Large language models (LLMs) have gained significant attention in chemistry. However, most existing datasets center on molecular-level property prediction and overlook the role of fine-grained functional group (FG) information. Incorporating FG-level data can provide valuable prior knowledge that links molecular structures with textual descriptions, which can be used to build more interpretable, structure-aware LLMs for reasoning on molecule-related tasks. Moreover, LLMs can learn from such fine-grained information to uncover hidden relationships between specific functional groups and molecular properties, thereby advancing molecular design and drug discovery. Here, we introduce FGBench, a dataset comprising 625K molecular property reasoning problems with functional group information.
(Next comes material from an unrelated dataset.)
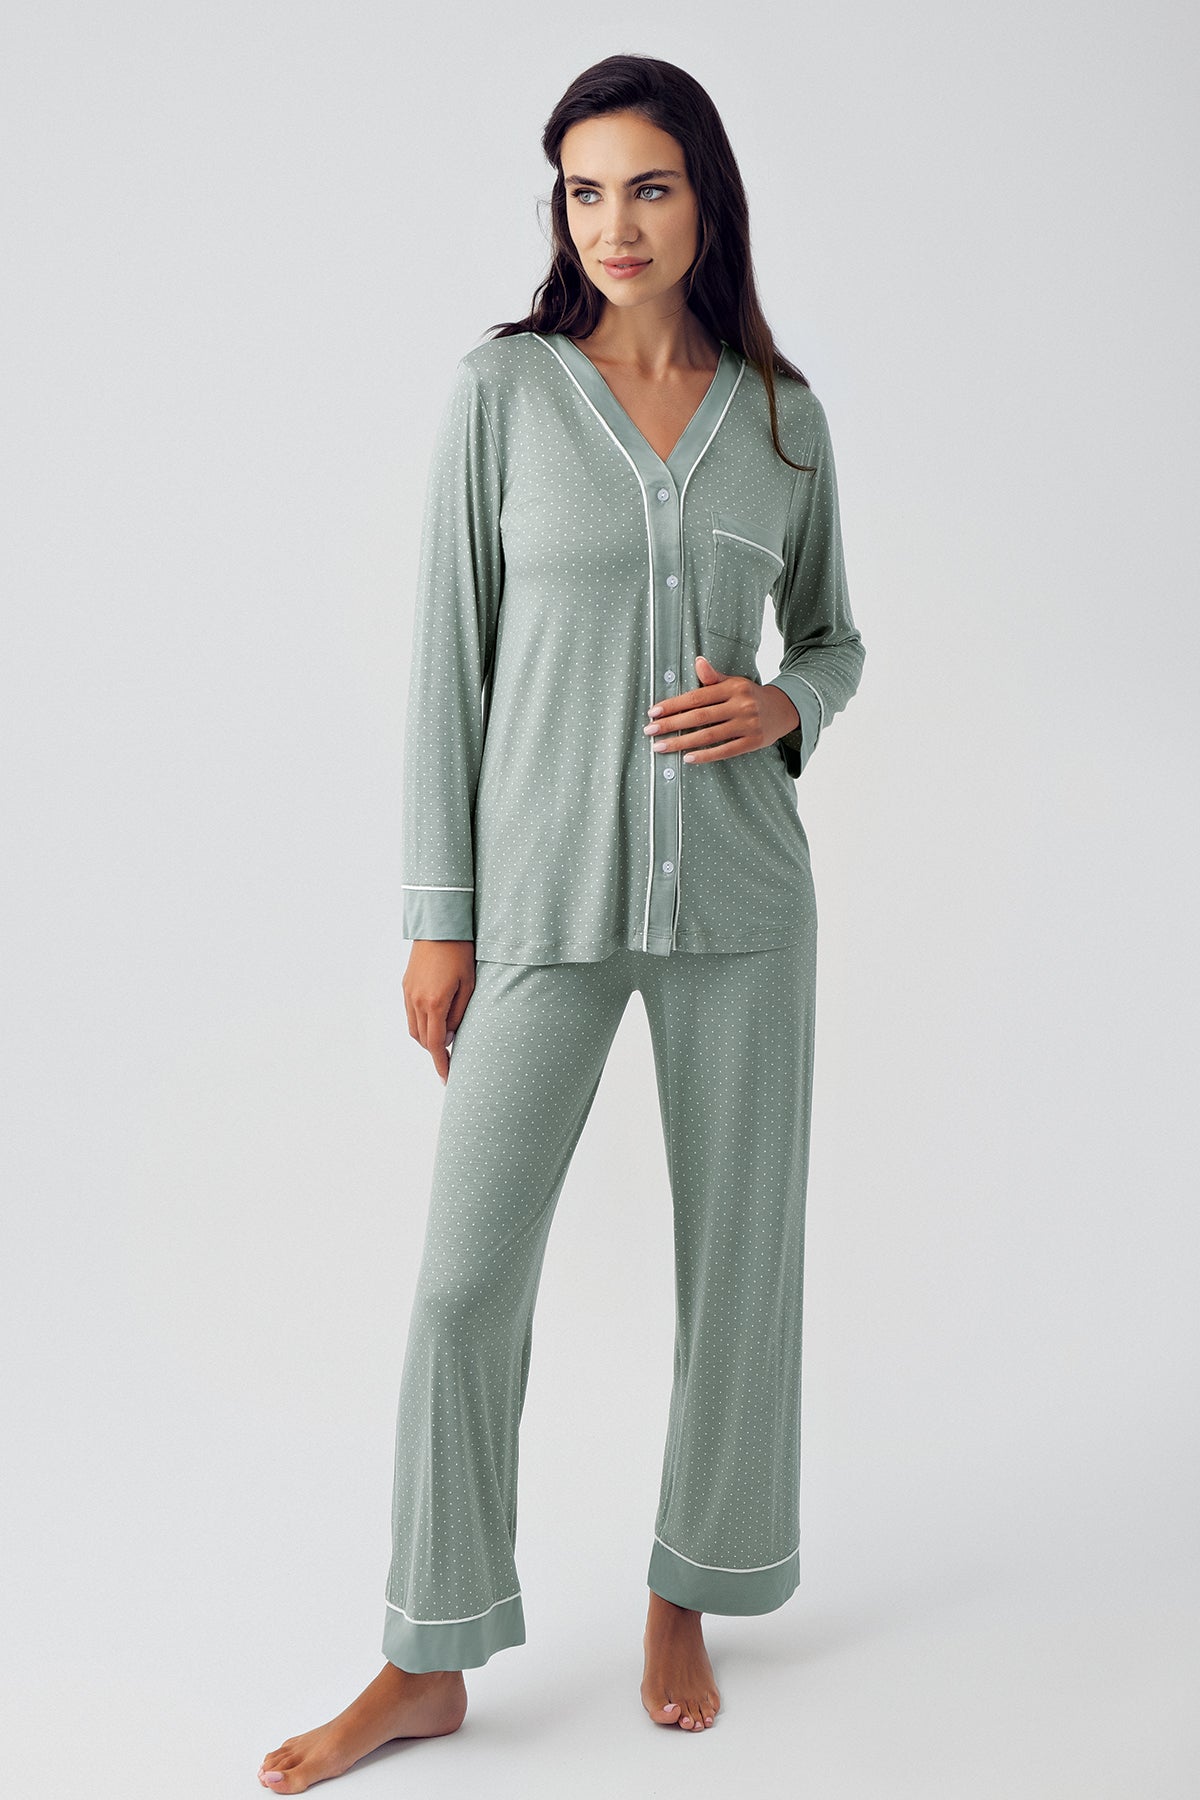 Shopymommy 15201 Polka Dot Maternity & Nursing Pajamas Green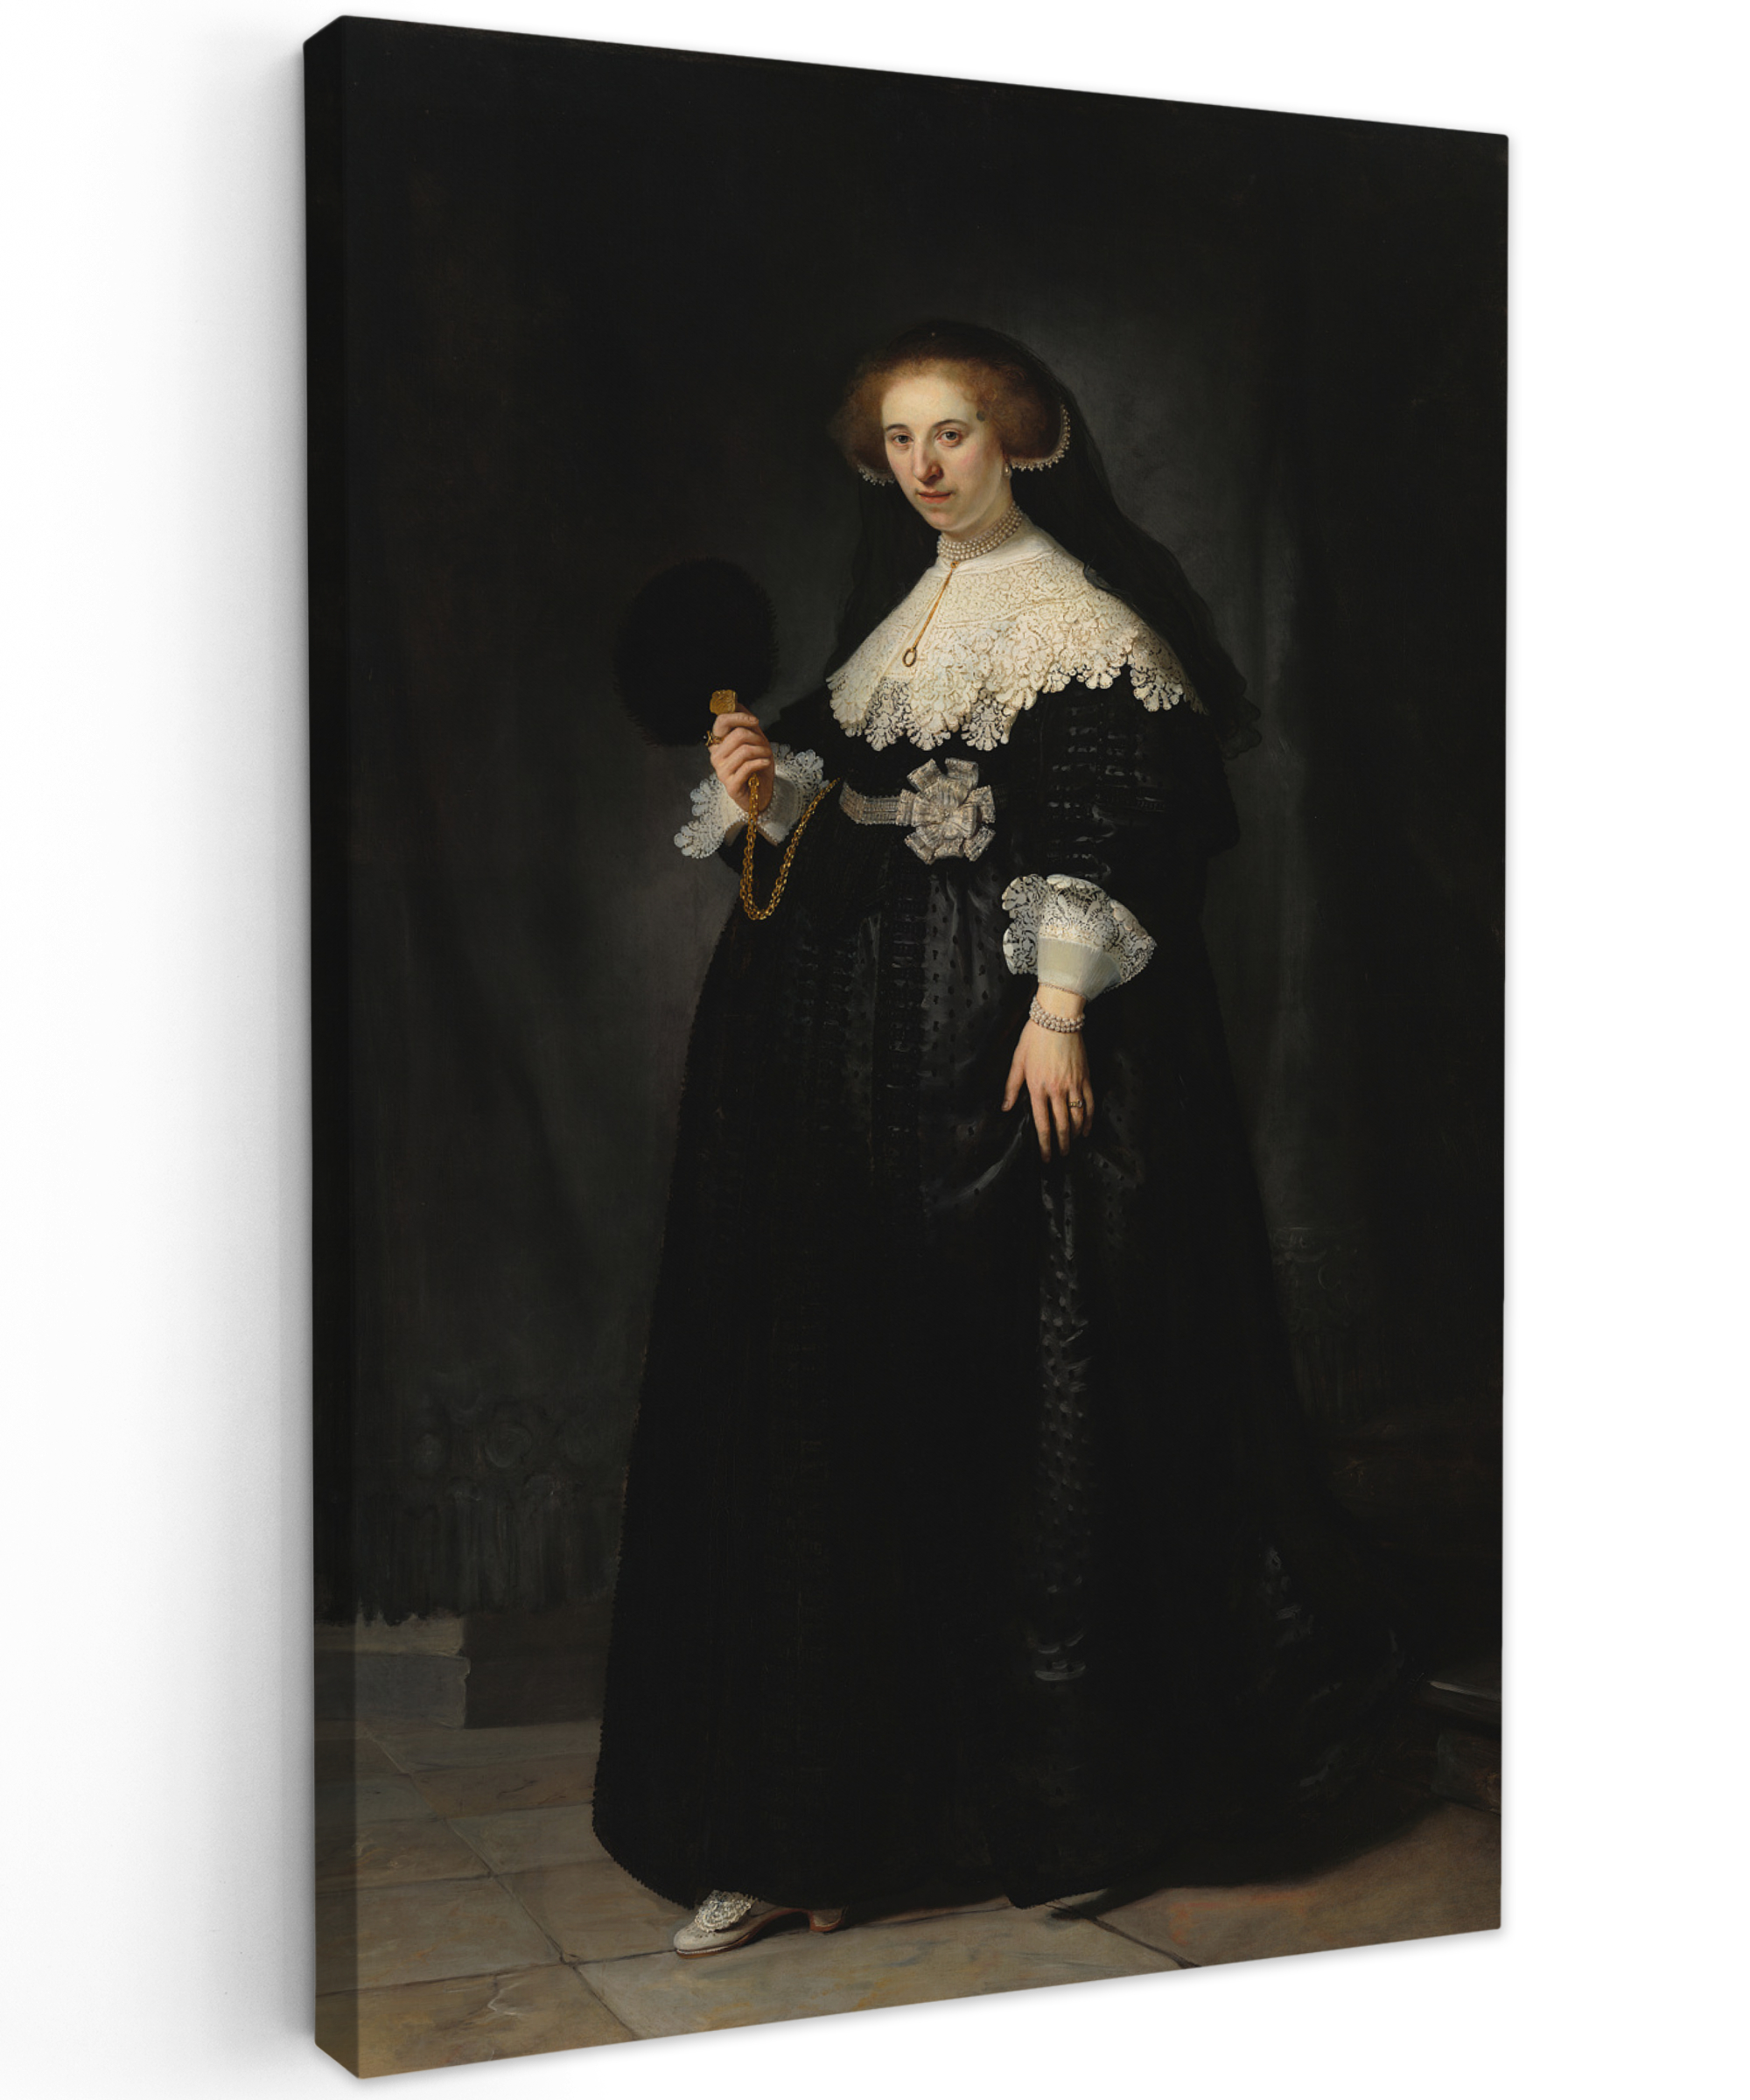 Leinwandbild - Das Hochzeitsbildnis von Oopjen Coppit - Rembrandt van Rijn

Functional groups are precisely annotated and localized within the molecule, which ensures the dataset's interoperability thereby facilitating further multimodal applications. FGBench includes both regression and classification tasks on 245 different functional groups across three categories for molecular property reasoning: (1) single functional group impacts, (2) multiple functional group interactions, and (3) direct molecular comparisons. In the benchmark of state-of-the-art LLMs on 7K curated data, the results indicate that current LLMs struggle with FG-level property reasoning, highlighting the need to enhance reasoning capabilities in LLMs for chemistry tasks. We anticipate that the methodology employed in FGBench to construct datasets with functional group-level information will serve as a foundational framework for generating new question-answer pairs, enabling LLMs to better understand fine-grained molecular structure-property relationships. The dataset and evaluation code are available at https://github.com/xuanliugit/FGBench.

Paper Structure

This paper contains 36 sections, 4 figures, 13 tables.

Figures (4)

  • Figure 1: Illustration of LLMs for two molecular property prediction tasks, (a) molecular property prediction and (b) molecular property reasoning.
  • Figure 2: FGBench dataset construction workflow. Molecules from a database are canonicalized and compared to generate a similarity matrix. Molecule pairs exceeding a similarity threshold are selected, and their FG differences are calculated. These differences are validated through a reconstruction process that involves removing and replacing FGs, ensuring structural consistency. The final output is a curated molecule comparison dataset.
  • Figure 3: An example of multiple FG interactions from the BACE database. The ether group is deleted from the initial molecule, and an amine group is attached to it. The change related to these two functional groups causes the change of the molecule's BACE-1 inhibitory activity from active to inactive.
  • Figure 4: An example output from o3-mini on a single FG impact QA (Boolean) from Lipophilicity dataset. Left is the original molecule. Right is the molecule after adding a nitrile (-CN) group. The o3-mini response is in the gray box.